Peripheral blood test results were as follows: hemoglobin 14.0 g/dl,
total leucocyte count 14000/mm3, neutrophils 70.2%,
lymphocytes 25.1%, mixed 5.7%, red blood cells 4.21
million/mm3, platelets 223000/mm3,
hematocrit 38.9%, erythrocyte sedimentation rate 44mm/hour, C-reactive
protein 4.1 mg/L, Serum biochemical testing results were as follows:
serum urea 3.0 mmol/L, serum creatinine 55 umol/L, serum sodium 137
mmol/L, serum potassium 4.6 mmol/L, alanine aminotransferase 15 U/L,
alkaline phosphatase 86 U/L, total bilirubin 0.4 mg/dl. The
results of her autoimmune workup are displayed in Table 1 . Repetitive
nerve stimulation showed no significant decremental or incremental
response which helped rule out generalized myasthenia gravis but not
ocular myasthenia.
We proceeded with a High-Resolution Computed Tomography (HRCT) scan of
her chest which revealed bilateral cylindrical bronchiectasis involving
all lung lobes, consolidation in the right lower lobe, and mild pleural
effusion. PCR was negative for COVID-19, sputum for Gene Xpert, and
QuantiFERON TB gold test were also negative. Sputum culture revealed
heavy growth of Candida and Klebsiella Pneumoniae. Magnetic Resonance
Imaging MRI of the brain and orbits revealed bilateral symmetrical
homogenous enlargement of lacrimal glands with accompanied symmetrical
swelling and edematous changes in bilateral pre-septal and para-septal
soft tissues. Figure 2 shows these MRI images prior to commencing
therapy .
We considered primary Sjogren syndrome, systemic lupus erythematosus as
she gave a history of a photosensitive facial rash, ocular myasthenia
with idiopathic orbital inflammation as she gave a history of ptosis and
periorbital inflammation, sarcoidosis, ANCA associated vasculitis and
IgG4 related orbital pseudotumor as our differential diagnoses. We had
ruled out SLE, sarcoidosis, ANCA associated vasculitis on the basis of
autoimmune investigations all of which were negative for corresponding
antibodies. Myasthenia Gravis was ruled out on the basis of
electrodiagnostic studies. As she tested positive for Anti SSA
antibodies, we proceeded with a lip biopsy to confirm the diagnosis of
primary Sjogren’s syndrome and to rule out IgG4-related disease. The lip
biopsy indicated normal-looking mucinous acini with lymphocytic
infiltrate. There were four microscopic foci of lymphoid aggregates per
4 mm2, with no evidence of plasma cells and fibrosis
(hence ruling out IgG4-related disease), suggestive of primary Sjogren
syndrome (pSS). Figure 3 shows the histopathological images of her
lip biopsy .
Pulmonology consultation was sought and she was started on an
antibiotic cover to control infective pulmonary etiology prior to
beginning immunosuppressive treatment for pSS. The patient was advised
Acetylcysteine, Azithromycin 250mg for three months along with Influenza
and Pneumococcal vaccine.
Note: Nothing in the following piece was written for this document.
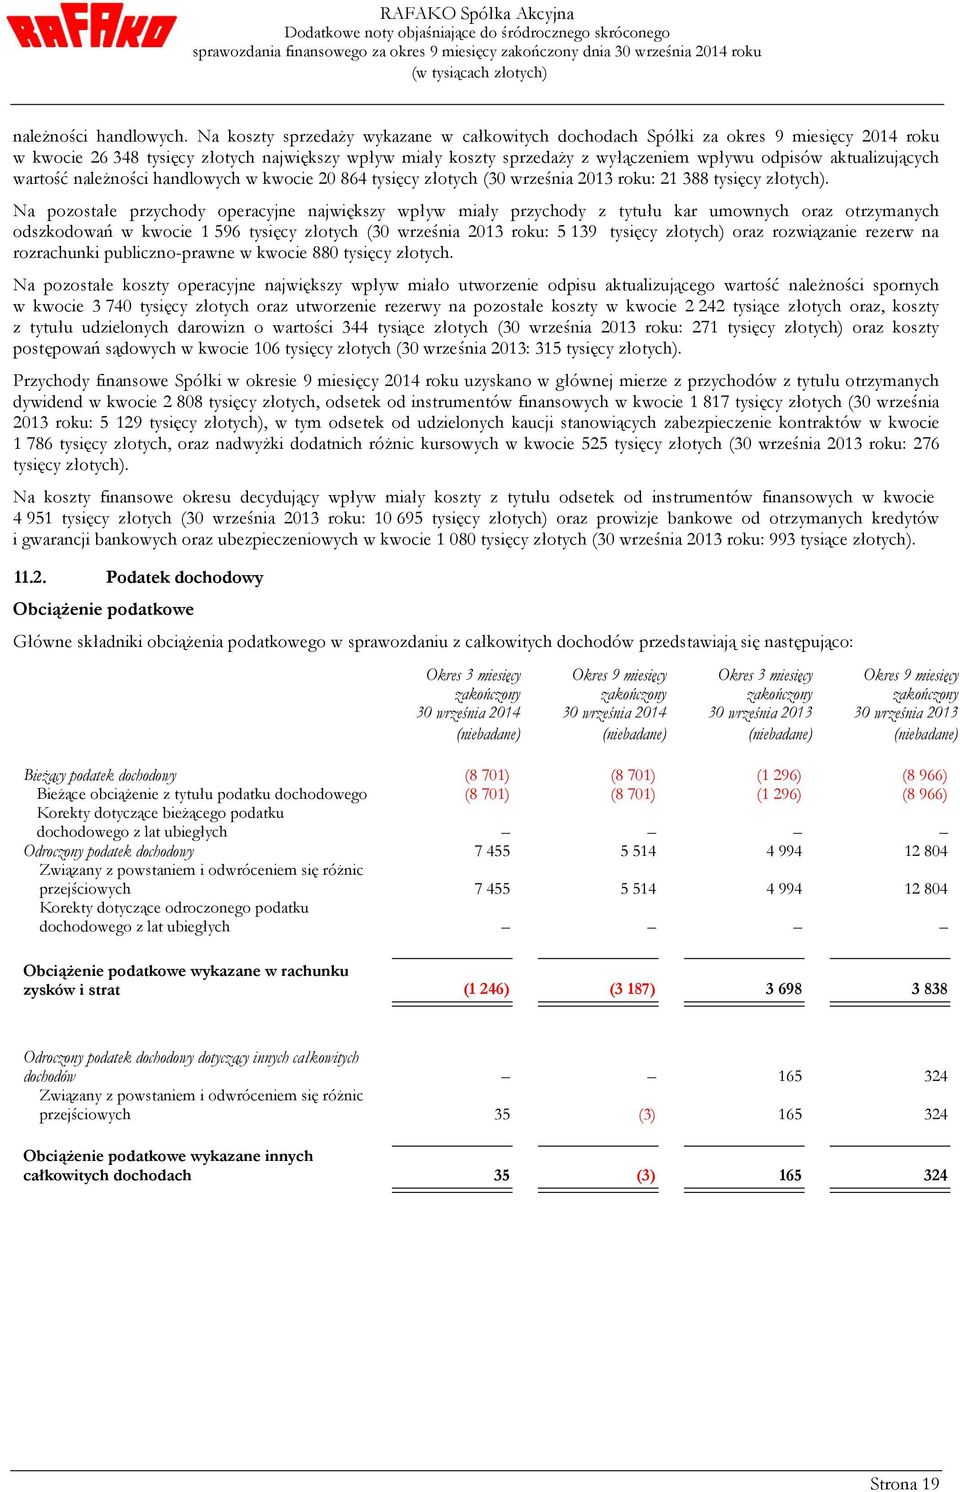 aktualizujących wartość należności handlowych w kwocie 20 864 tysięcy złotych (30 września 2013 roku: 21 388 tysięcy złotych).

After her chest infection subsided, we started
her on Hydroxychloroquine 200 mg/day, Azathioprine 2.5 mg/kg/day, and
Prednisolone 0.5 mg/kg/day. Cyclophosphamide was deferred because we
believed it would worsen her bronchiectasis. The patient was referred
for an ophthalmology consultation for her persistent eyelid swelling and
the consensus was to control her primary disease process which would
ultimately resolve her swelling. As the persistent swelling was
hampering her ability to see, she underwent a sling procedure to open
her eyelids. Figure 4 shows an image of the patient after her
sling procedure . Though the swelling had considerably subsided on
therapy, her lacrimal gland were persistently inflamed, we shifted her
towards a biological agent Rituximab, 1g IV infusion. She has received
two doses and the next dose is scheduled for after 6 months.